There’s a lot more to the woman who gave birth to you than being the one who does your laundry, or the one who nags at you to eat more during dinner.
For many years while you were growing up, she was the centre of your world, the same one you couldn’t bear to be apart from, even for a while.
Chances are, as you grow up and explore what this world has to offer, you’ve stopped spending as much time with Mum as you previously did.
When was the last time you had a heart to heart talk with Mum? What is she really thinking? These are 10 things your mother really wants to tell you but didn’t.
Have you tried explaining how Facebook algorithms work? Or the difference between Twitter and Instagram? Or explained the many functions of Telegram to her?

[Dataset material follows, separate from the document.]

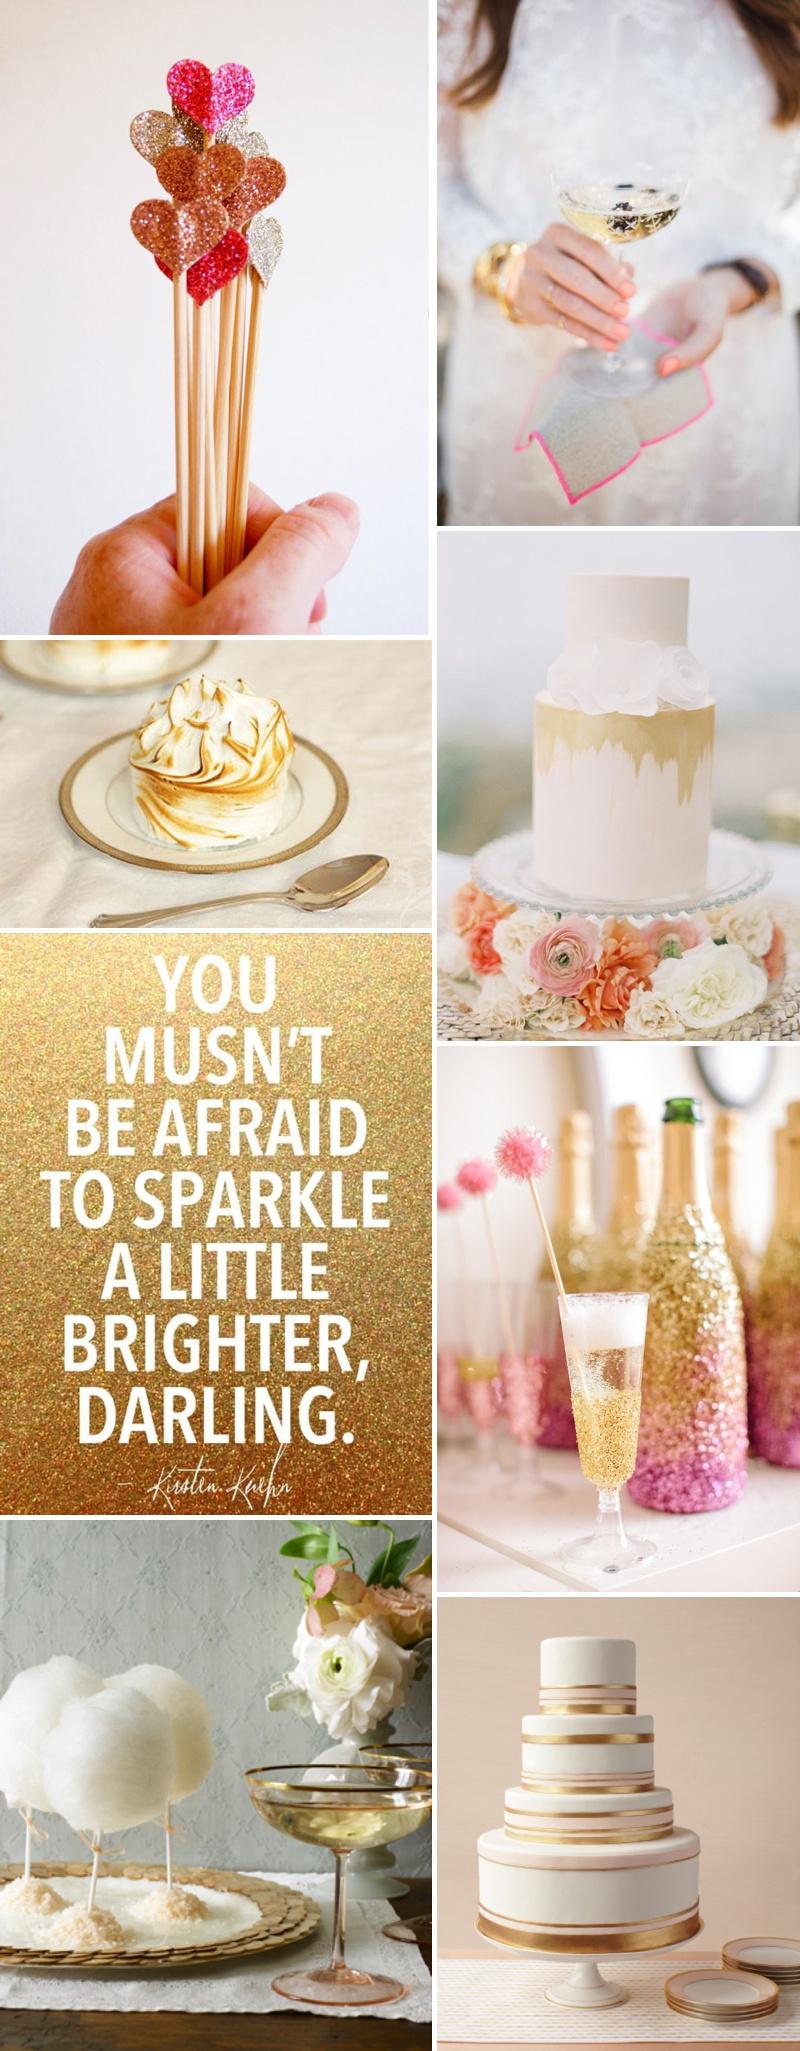 Wedding - Snippets, Whispers & Ribbons

Chances are, she has forgotten and is just too paiseh to ask you again.
Until the next time she wonders why only three people and not the usual six liked her FB post, that is.
A lot of us assume that our mothers will want to take care of our kids when we have them. Chances are, they’d rather not, and they do it only to help you.

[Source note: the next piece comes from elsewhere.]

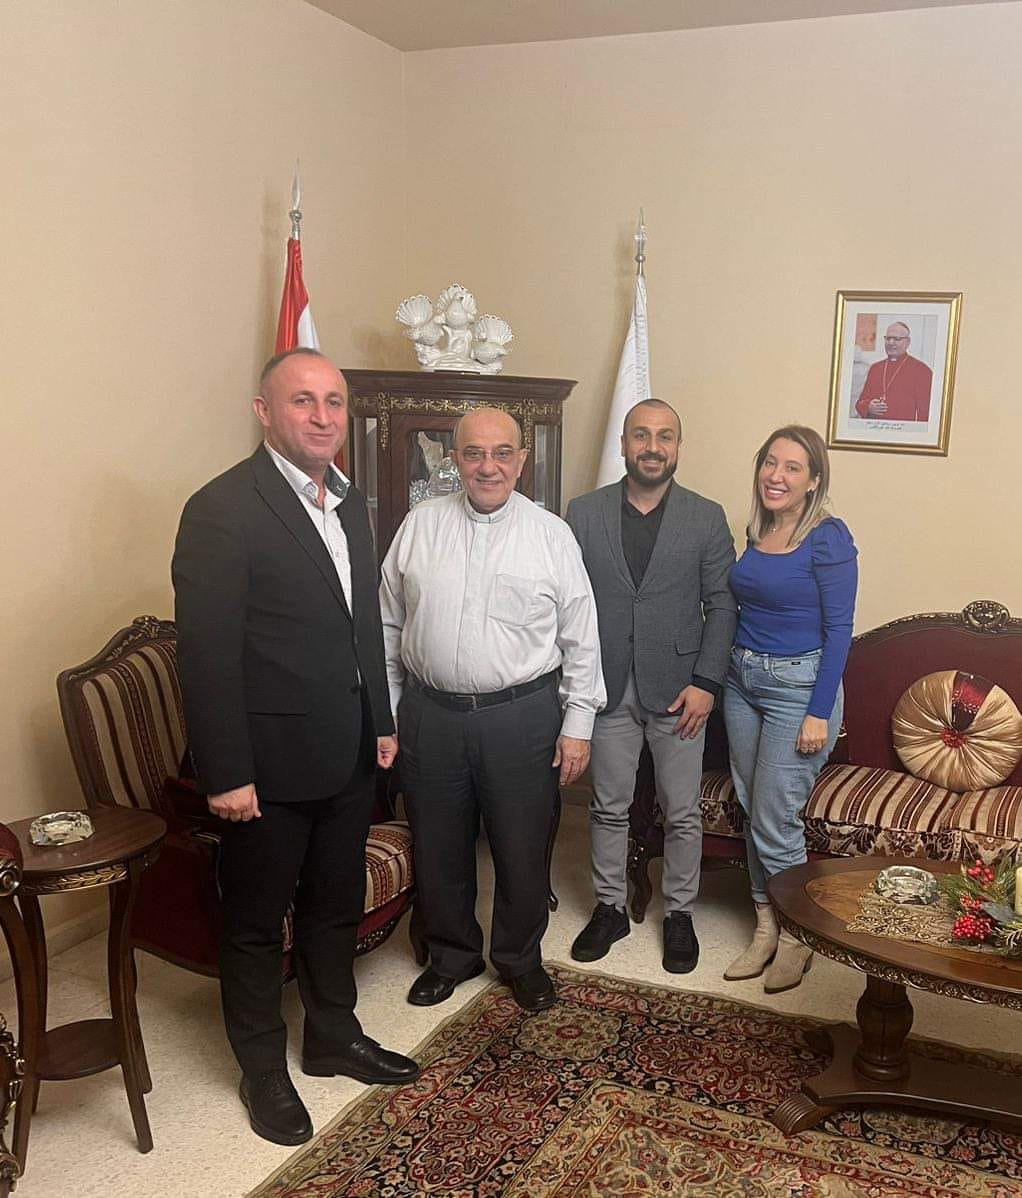 Visit of the Director of the Iraq Office of the Chaldean Community Foundation in America

They would be much older by then and they know taking care of children is not an easy task.
Why would they want to run after your rascal to change his diapers AND argue with you for forgetting the many new rules and principles picked up from your baby-rearing books?
You have more access to everything you want than she did in her time.

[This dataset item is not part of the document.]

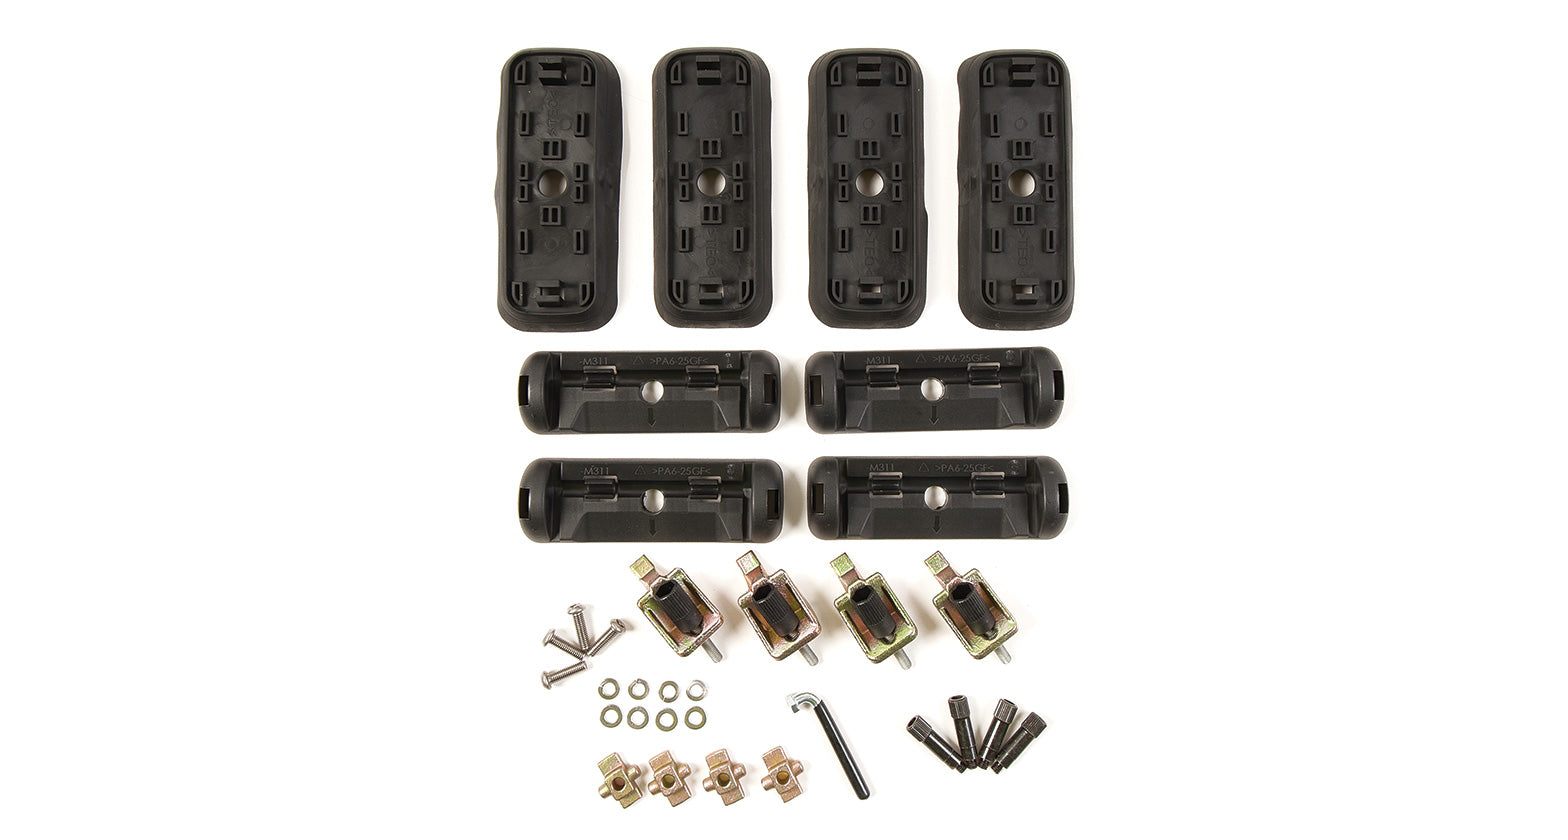 FIXED POINT KIT FOR RHINO 2500 MULTI FIT - DK410

While nagging at you for ‘wearing nothing’ when you leave the house, she is probably thinking of how she could only buy clothes once a year or drink orange pop during CNY.
This new world where everything moves so quickly can sometimes be frightening for her, and she admires how you navigate it like a boss. It is also why she posts so much about you on her Facebook!
Solo trips, creating content online, petitioning for causes—these weren’t available to her in her time. Don’t forget to take her along on some of your adventures!
Remember that time she compared your results to your cousin’s and made you cry? Or that time she scolded you in public in front of all your friends?
She does feel bad. But like she said, it was really for your own good. She’s sorry—she just doesn’t know how to tell you.
Did she make your favourite meal the next day after the scolding? That was her way of apologising.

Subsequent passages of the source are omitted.